Finally, a robot’s skin can afford a protective function, which increases interaction safety for both humans and robots. For robots, a soft covering can protect sensors embedded underneath the substrate and reduce damages to the robot’s internal hardware [4]. For humans, a robot’s skin reduces the risks of contact with a robot’s rigid and sharp mechanisms.
All the above-mentioned roles of robotic skins are based on passive and unchanging skins. Existing research has focused on improving interactivity on using static skin features such as material, form, and color. In this section, we wish to challenge the conventional design space by proposing active and dynamic skin functions. We draw on the literature in robotics, biology, human–computer interaction (HCI), architecture, and wearable arts to investigate potential roles that a robot’s skin may serve in human–robot interaction.
We identify four roles of active robot’s skin, illustrated in Figure 1, center: skin as an expressive medium, skin as a perceptual layer, skin as an exchange-regulating filter, and skin as a functional mechanical effector. In Section 3, we illustrate the potential of skin as an expressive medium through a series of speculative design sketches. These sketches suggest that the robotic skin’s texture can serve as a highly expressive element. We continue by describing an engineering approach that would allow a more finely controllable robotic skin texture through soft fluidic texture units and control channels and present working prototypes of some of these design proposals.

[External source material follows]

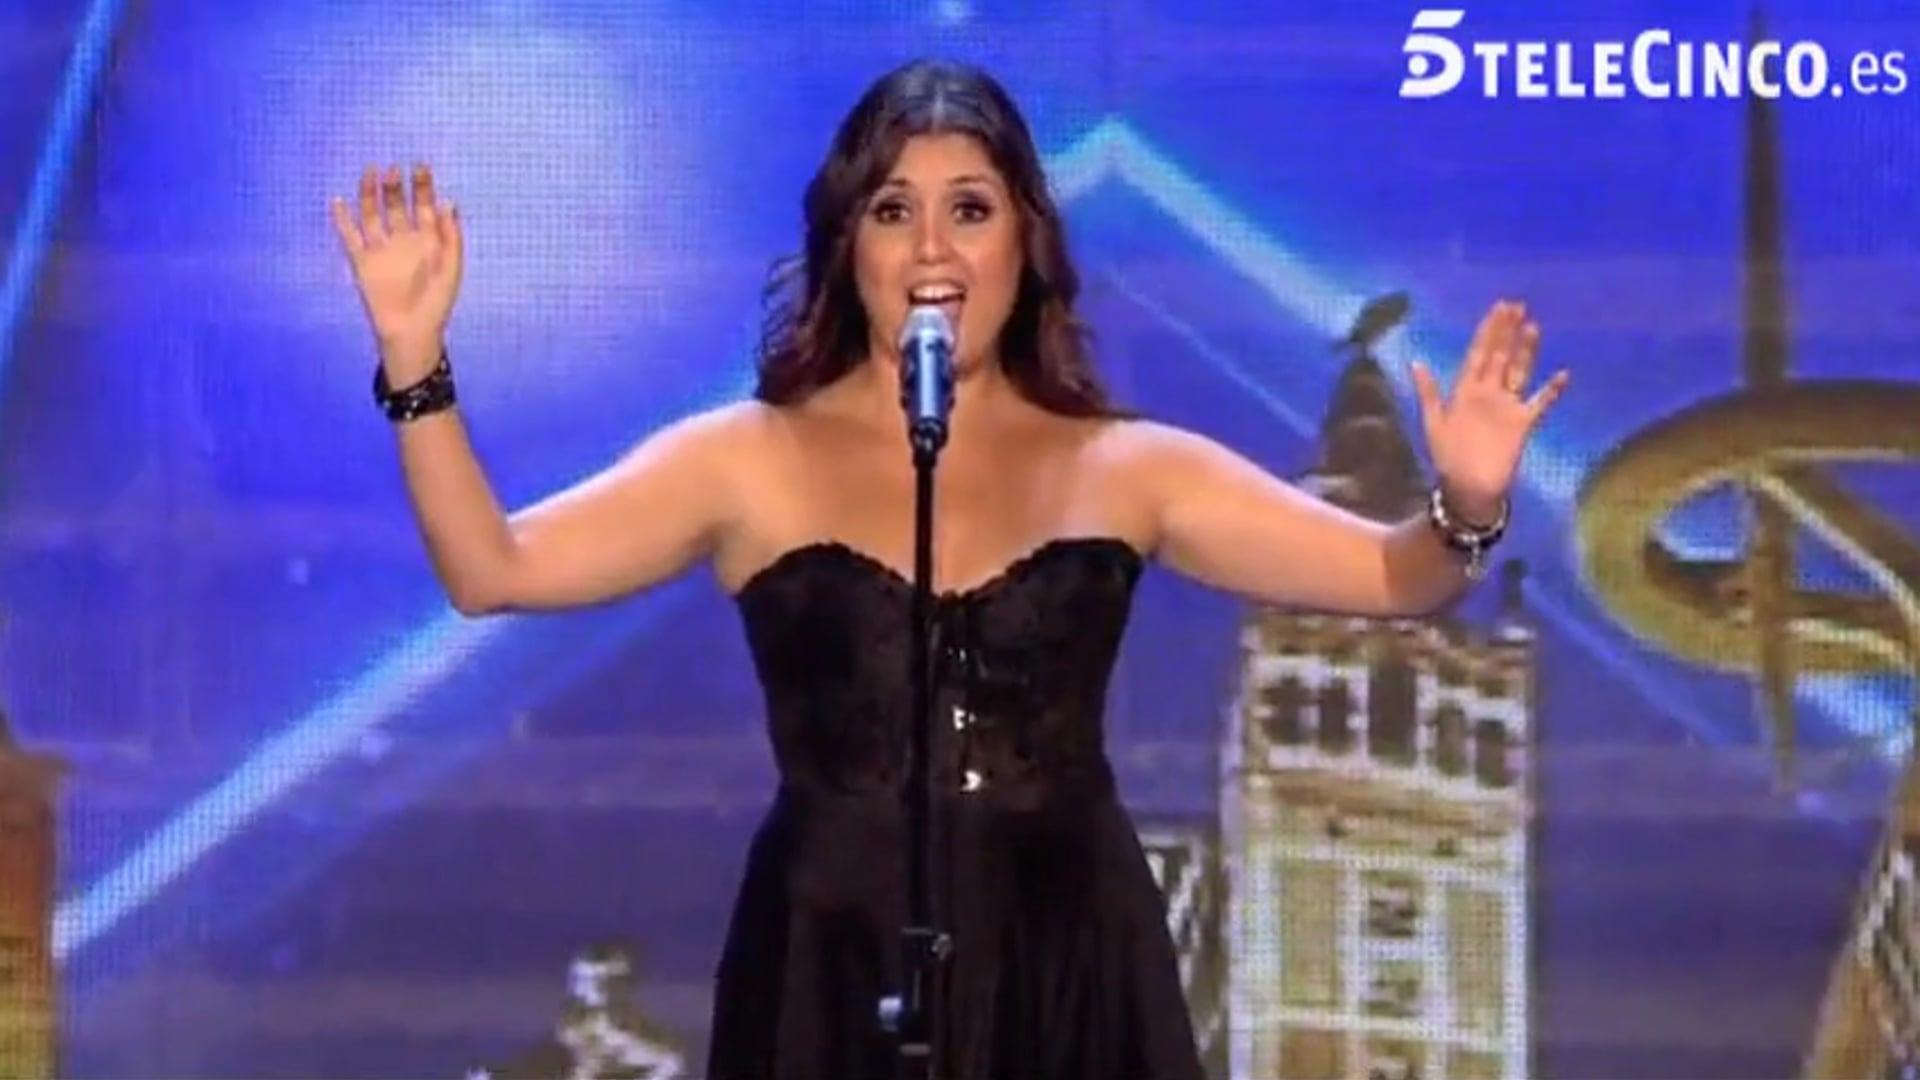 Cristina Ramos - Got Talent España (Highway to Hell)
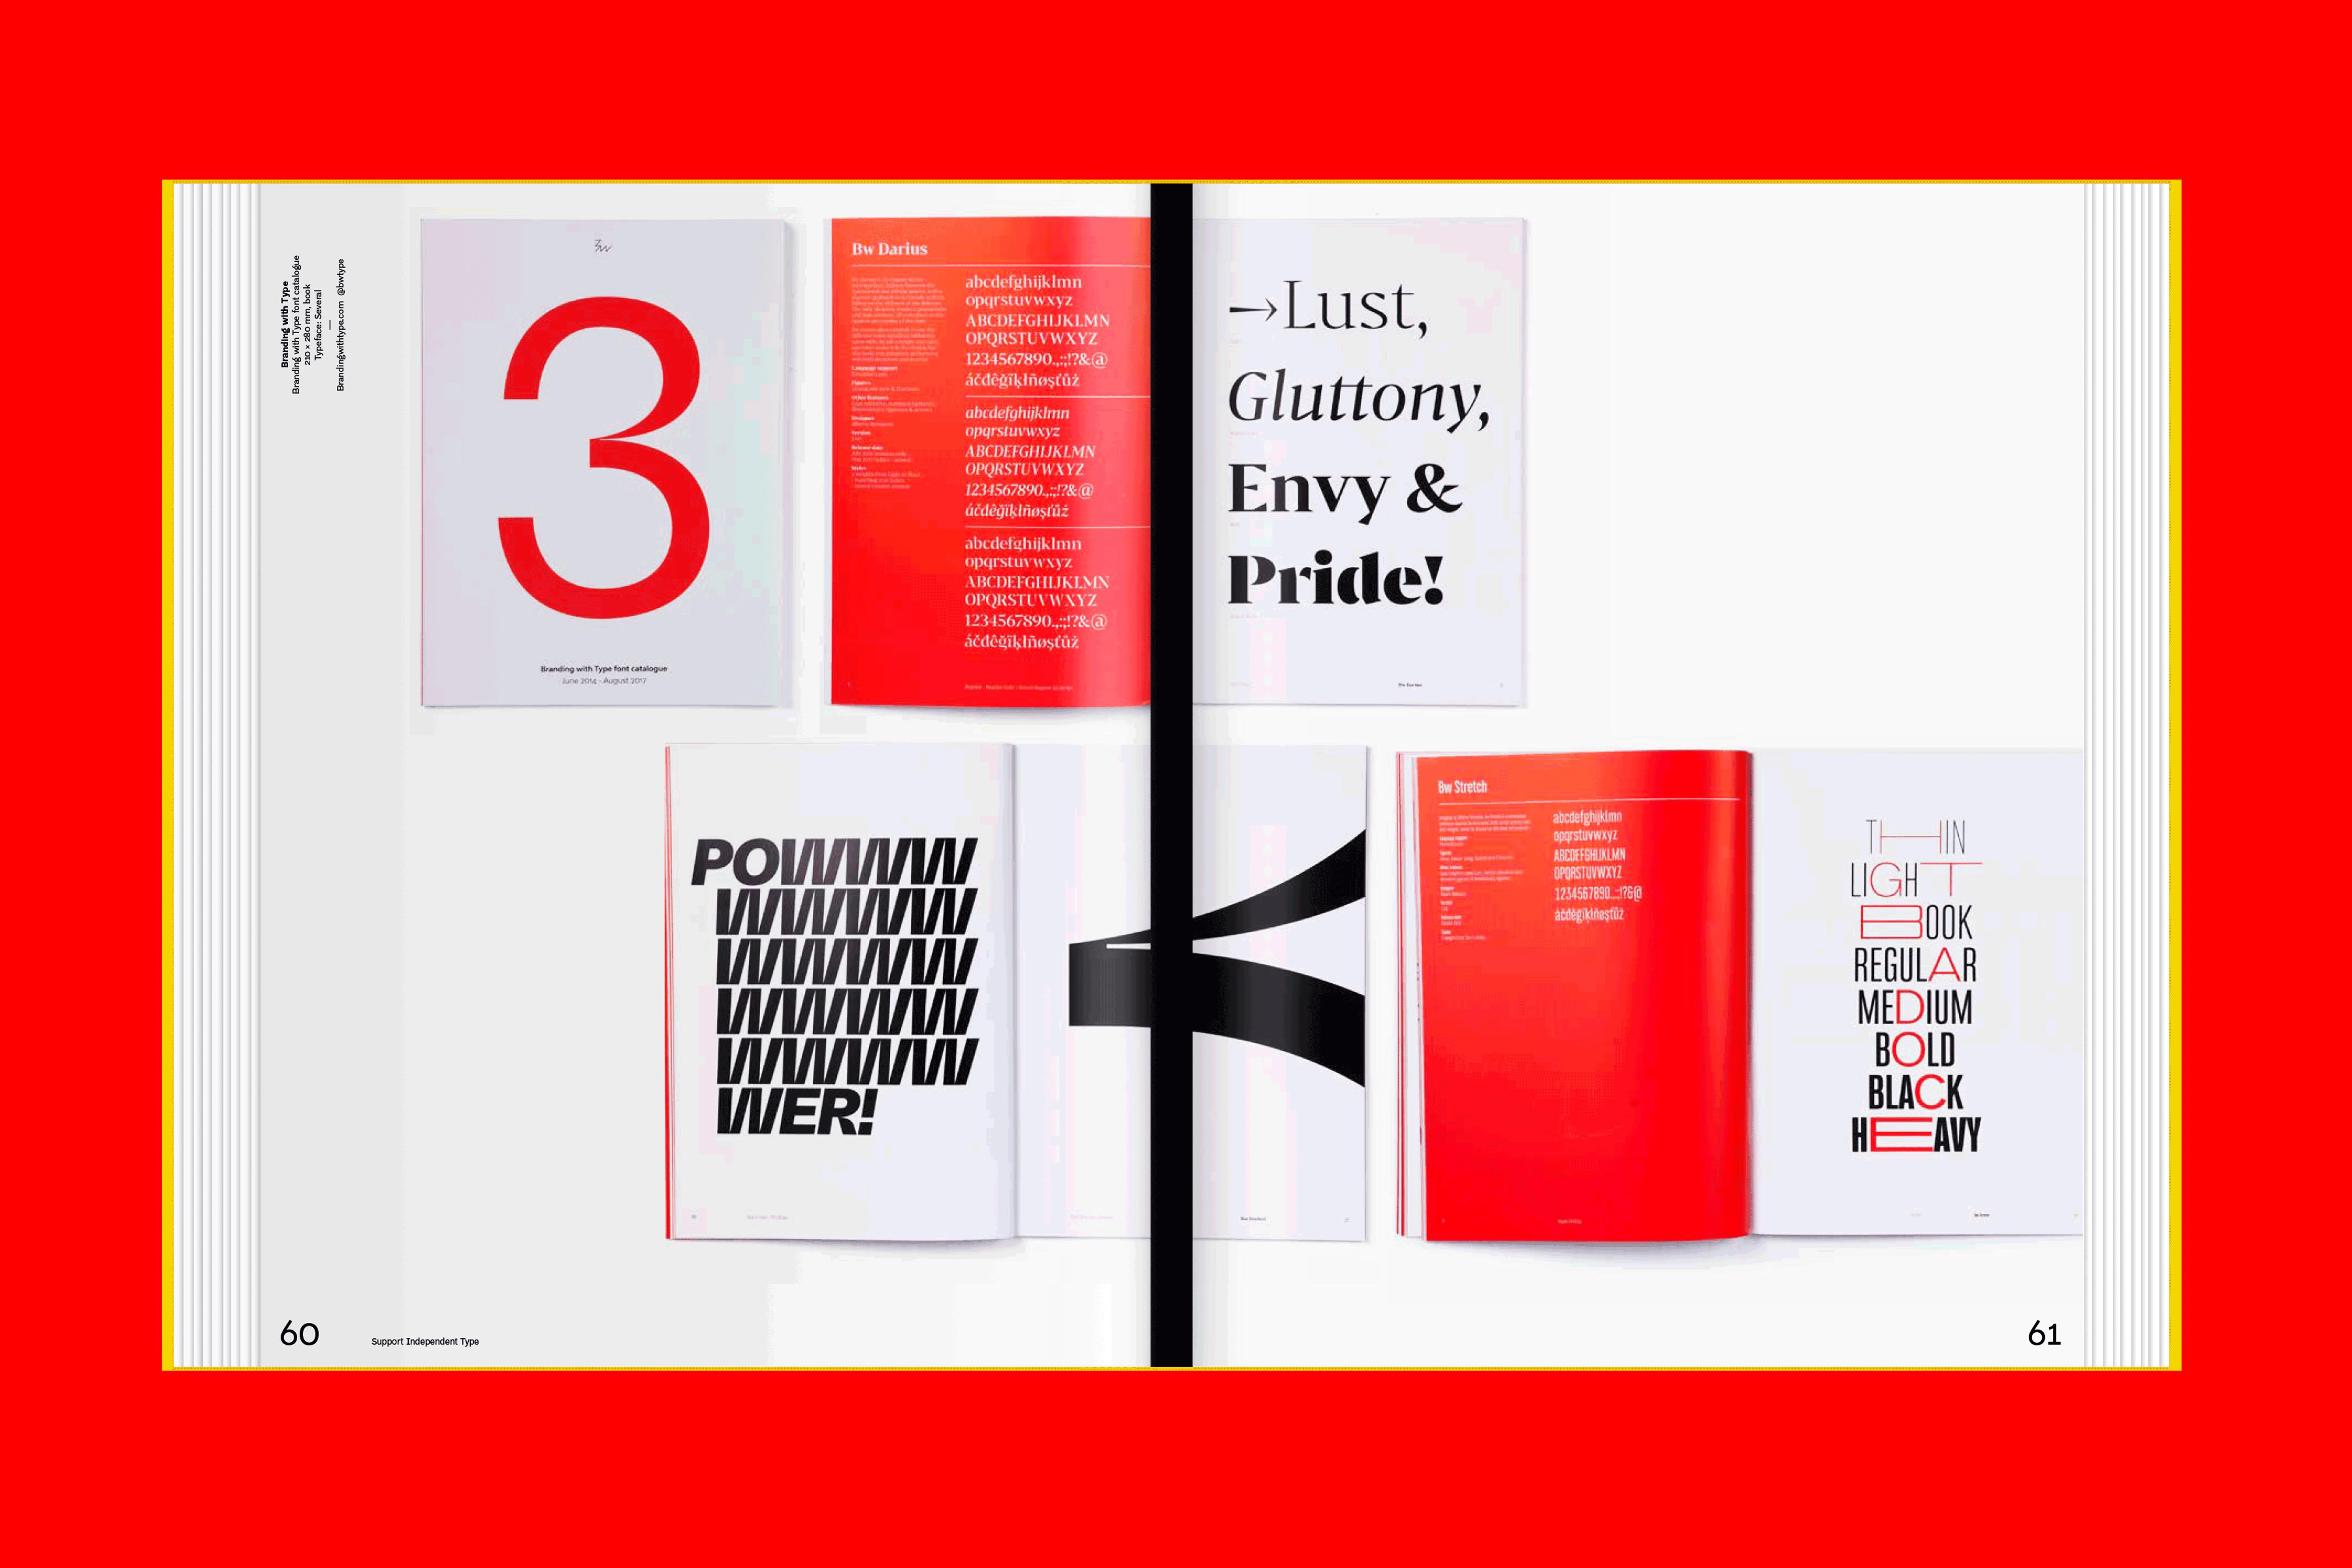 Slanted-Publiaktionen-Slanted-Publishers-Support-Independent-Type_14

2.1 Skin as an Expressive Medium

Biological skin is an expressive medium that conveys a variety of information about an organism, e.g., age, sex, race, and health condition. In addition, an organism’s affective states can also be expressed through skin color [78], trembling, sweating, temperature [54], and muscle movements beneath the skin [35]. Some animals express their aroused states by changing skin textures or appendages’ shapes, a phenomenon called piloerection [20]. Such behaviors include humans displaying goosebumps, birds ruffling their feathers, cats raising their back fur, blowfish protruding spikes, and so on.
These biological phenomena have inspired a variety of expressive surfaces in the field of tangible human–computer interfaces. Examples include a fur interface that mimics bristling effects through vibration [30], an interface with luminescent tentacles following a user’s hand waves [60], and a carpetlike texturally rich interface for tactile and visual communication [14]. Similar ideas have been investigated in responsive clothing that expresses or exaggerates its wearer’s physical or emotional states. For example, bristling clothes developed by Ohkubo et al. [63] raise hairs in response to a wearer’s breathing rate. A face mask named “Aposema” [57] augments a person’s facial expressions with inflation and change of color.
Social robots can also express their emotions through haptic channels, with movements on or beneath the skin. Most of the movements simulate animals’ behaviors, such as breathing, heartbeat, purring, and warming. For example, the Haptic Creature robot [85, 86] displays affective states through its breathing rate, ear stiffness, and vibrotactile purr. The Cuddlebits robot [13] expresses emotions with 1-degree-of-freedom (DOF) breathinglike behaviors. Robots also express their emotions through the change of skin color [77], temperature [64], haptic forces [33], and even scents [70].
In each case, robots change physical properties globally across the skin, using vibrations, temperature, and overall color, or deform their skin on a full-body scale. Locally expressive texture change of a robot’s skin, as proposed in this work, remains a more unexplored expressive channel in social interaction. In addition, most of the existing works have heavily focused on emotional expression, with other expressive contexts under-explored.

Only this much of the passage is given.